Joseph awoke from another dream.  He shared it with Mary, “I thought an angel was telling me to live in Nazareth.”
Mary laughed at him.  “Everyone knows that dreams are just your brain sorting out stuff from the day.  There’s no way that dream is from God!  Why would we go back to where they might think the Messiah is illegitimate?”
“My thoughts exactly!” replied Joseph, “Jerusalem or David’s City are the only places worthy of His name.”
So they finally settled in a house in Jerusalem which had a great view of the temple.
Not the Bible: The Ungospel of Matthew 2:19-23

There are so many powerful truths in this story.

Mary and Joseph returned back to their home town.

This is the place where everyone knew that Jesus was conceived out of wedlock.  And since Joseph married Mary rather than divorcing her – they would have concluded that it must be his baby.
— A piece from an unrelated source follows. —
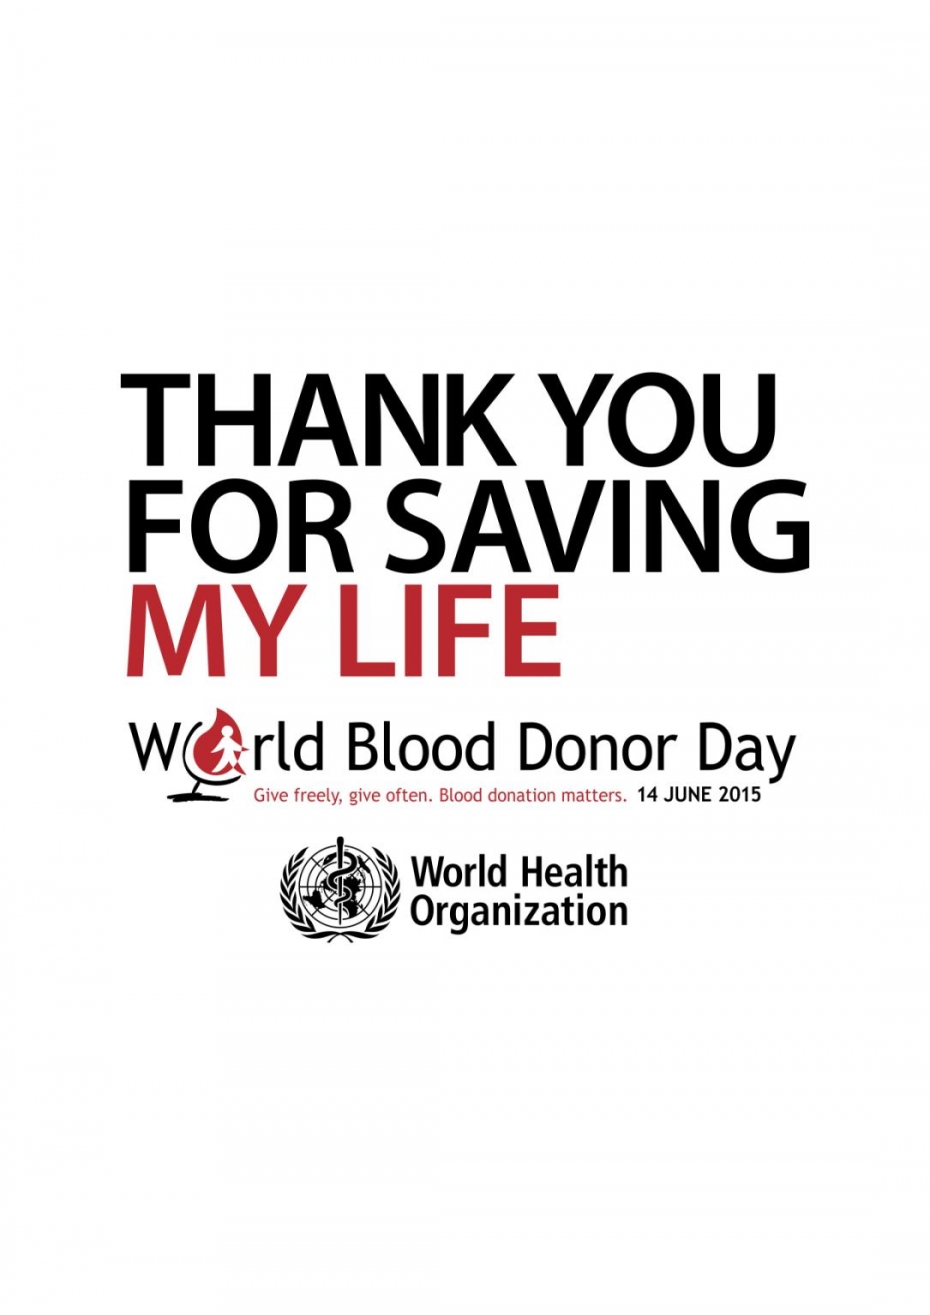  Παγκόσμια Ημέρα Εθελοντή Αιμοδότη 14.06.2015 με θέμα «Σας ευχαριστώ για τη διάσωση της ζωής μου» (Thank you for saving my life )

This is the place where they would be social outcasts.  They would have lost friends who would not want to be associated with “sinners”.  Joseph would have lost work because of this.  They would have struggled to provide as a result.

Yet they didn’t run away.

Wouldn’t it have been easier to just live elsewhere and start afresh where they could keep their past hidden?  Where they wouldn’t be judged but accepted as they were?

This would allow people to receive them and what God was doing in their life without offence getting in
the way.  Surely that would have been a better start in life.  That would have ensured a greater start to Jesus’ ministry.

I’ve done this so many times in my life.  Particularly with churches.  When things have got messy I just moved on and burnt all my bridges and started over in a new church.

Problem sorted.

But so often the same issues I was running away from crop up again in the new place.  Why?  Because there is something God wants to deal with that is not sorted.  I haven’t matured in that area.

As someone said “God does not fail us – He always lets us take the test again and again until we pass it”.

Isn’t this so true?

God wants us to mature in our relationship with Him and He is committed to finishing the good work He began in us.

I have so much respect for Joseph – who didn’t run away but confronted the issues head on.  What a role model for his adopted son who had to set his face to Jerusalem to face his death there.  He didn’t run away but confronted the inevitable so that we might have life.

Father, I confess that I have run away from difficulties rather than dealing with them.  I have sort to have an easy life rather than having more maturity and depth in my relationship with you.  Forgive me.  Give me the grace to face my fears with you.  To deal with them together and never be the same again.  In Jesus’ name.  Amen.